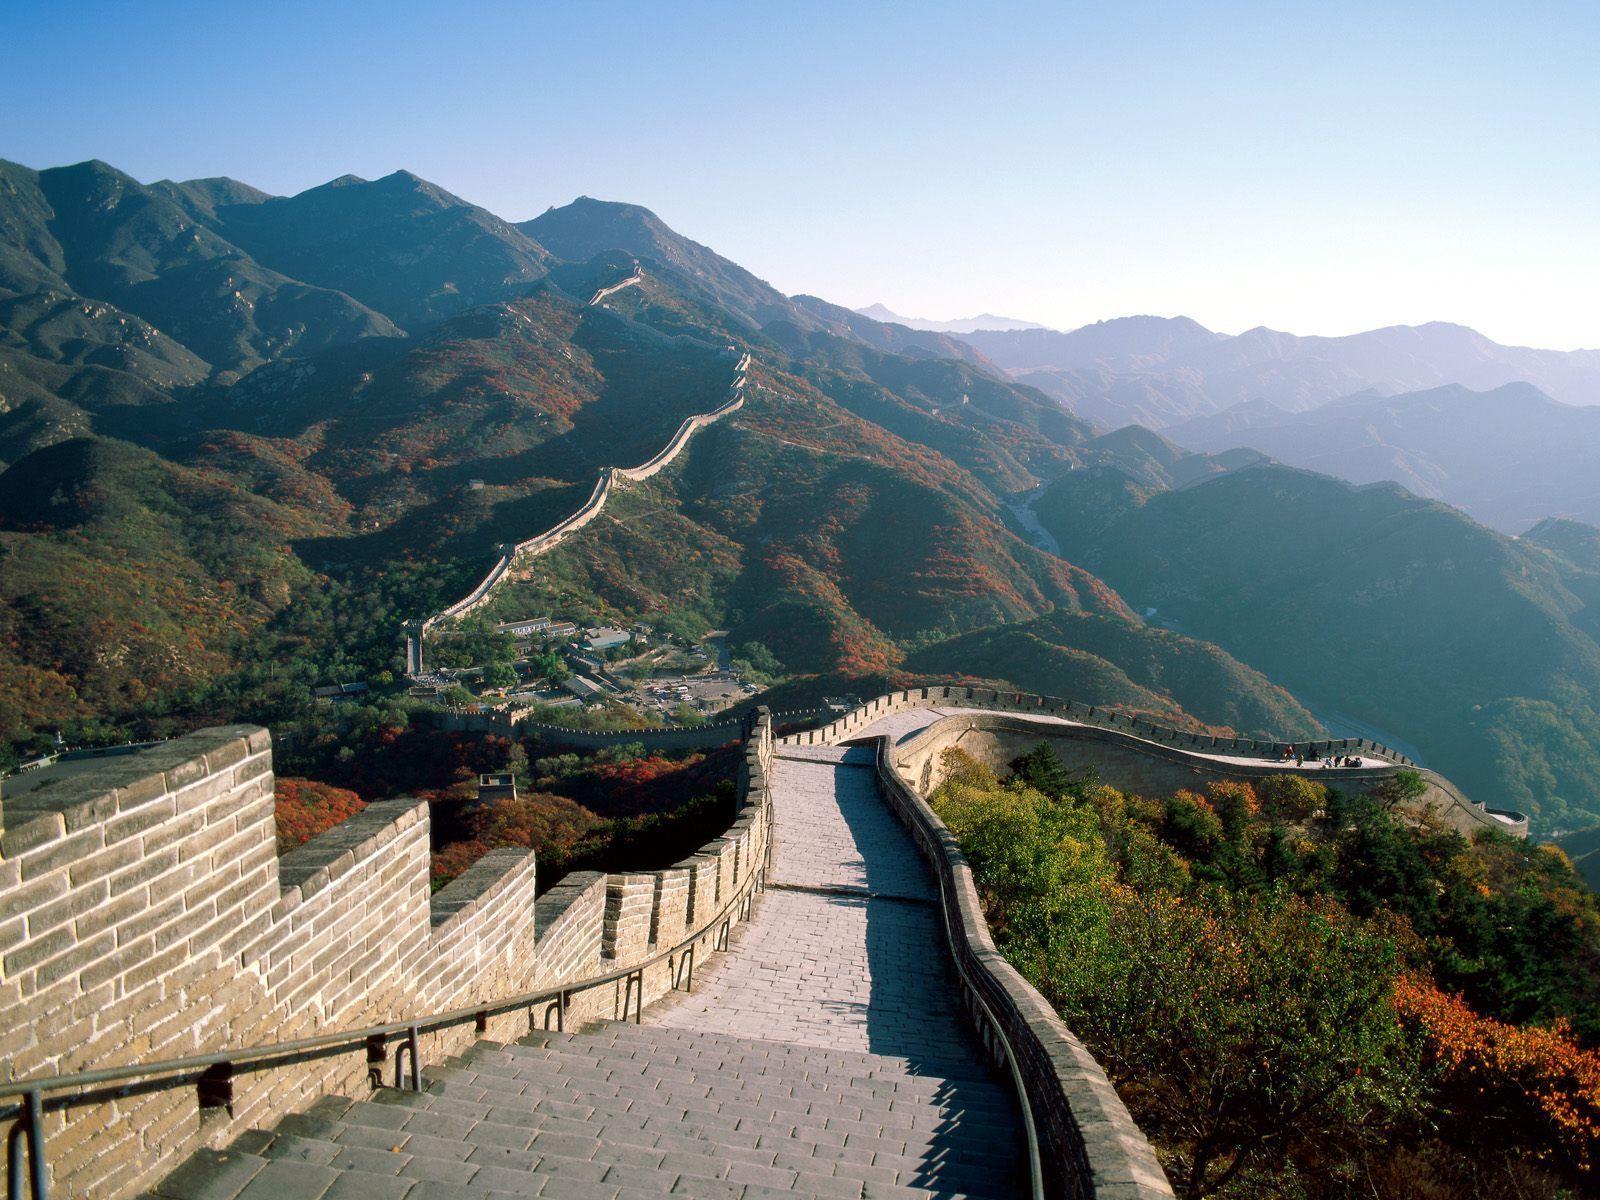 The Great Wall of China wallpaper picture download
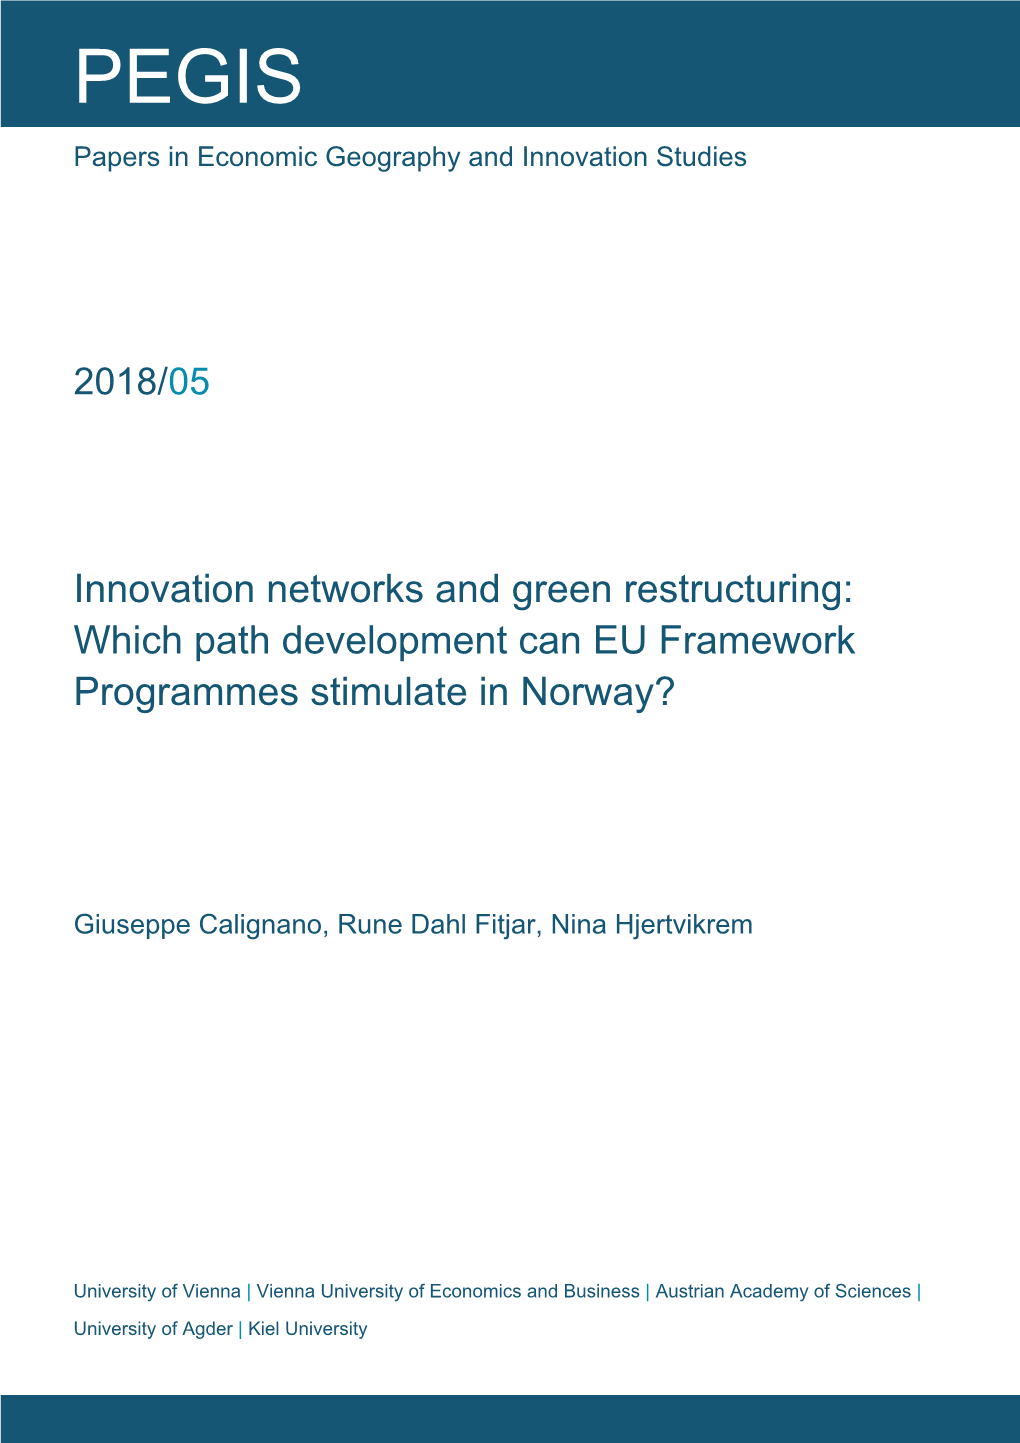 Innovation Networks and Green Restructuring: Which Path Development Can EU Framework Programmes Stimulate in Norway?
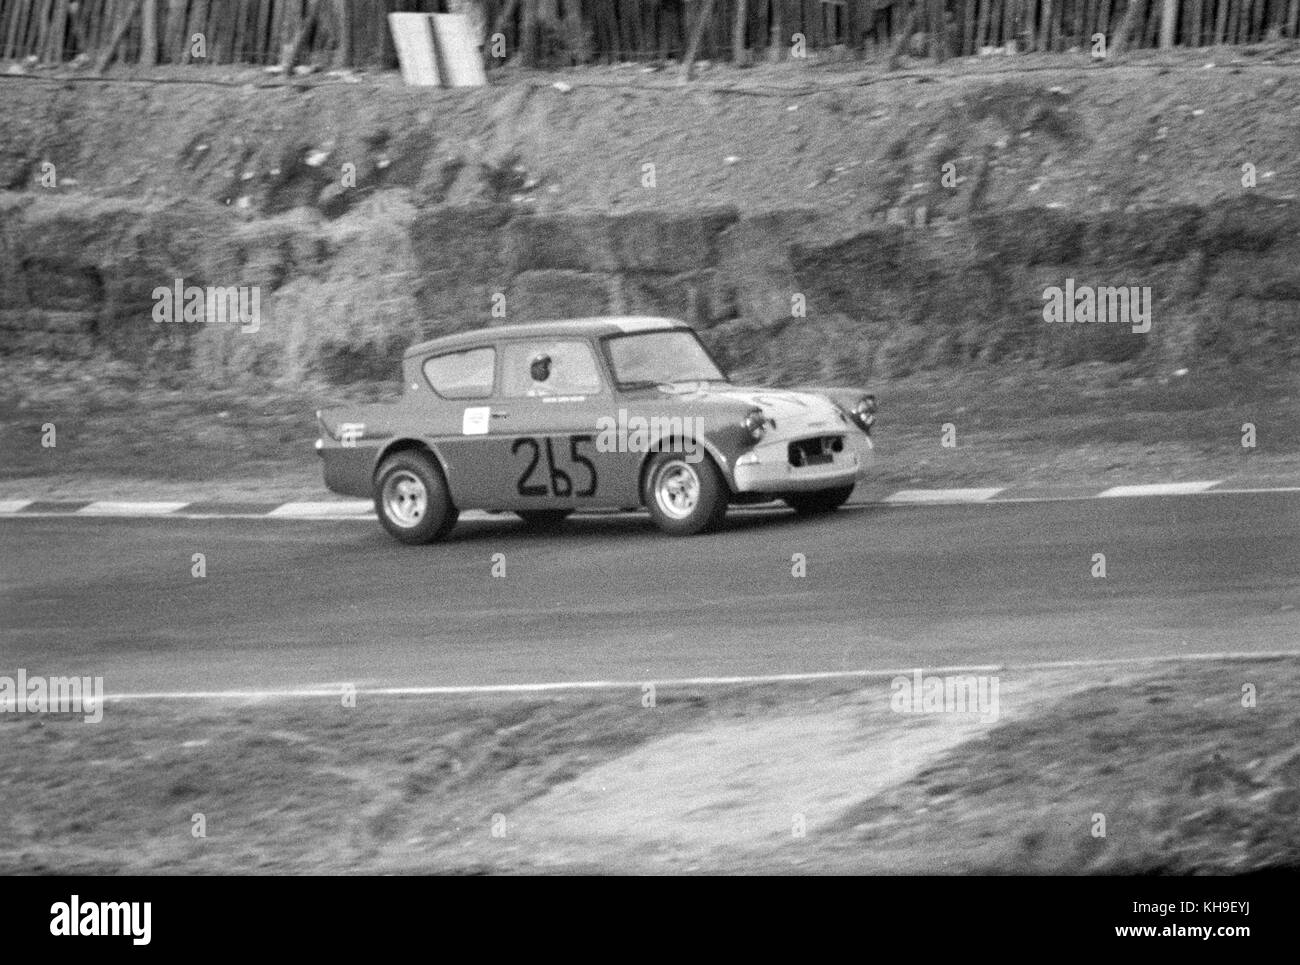 A Ford Anglia, race number 265, being driven in a race at the Brands Hatch circuit in England in 1968. Stock Photo

◆ WHAT THIS TASK INVOLVES ◆
Ignore the images and quote every line of the listing exactly.

◆ EXERCISE RESULT ◆
 The Great Wall of China wallpaper picture download
 Innovation Networks and Green Restructuring: Which Path Development Can EU Framework Programmes Stimulate in Norway?
 A Ford Anglia, race number 265, being driven in a race at the Brands Hatch circuit in England in 1968. Stock Photo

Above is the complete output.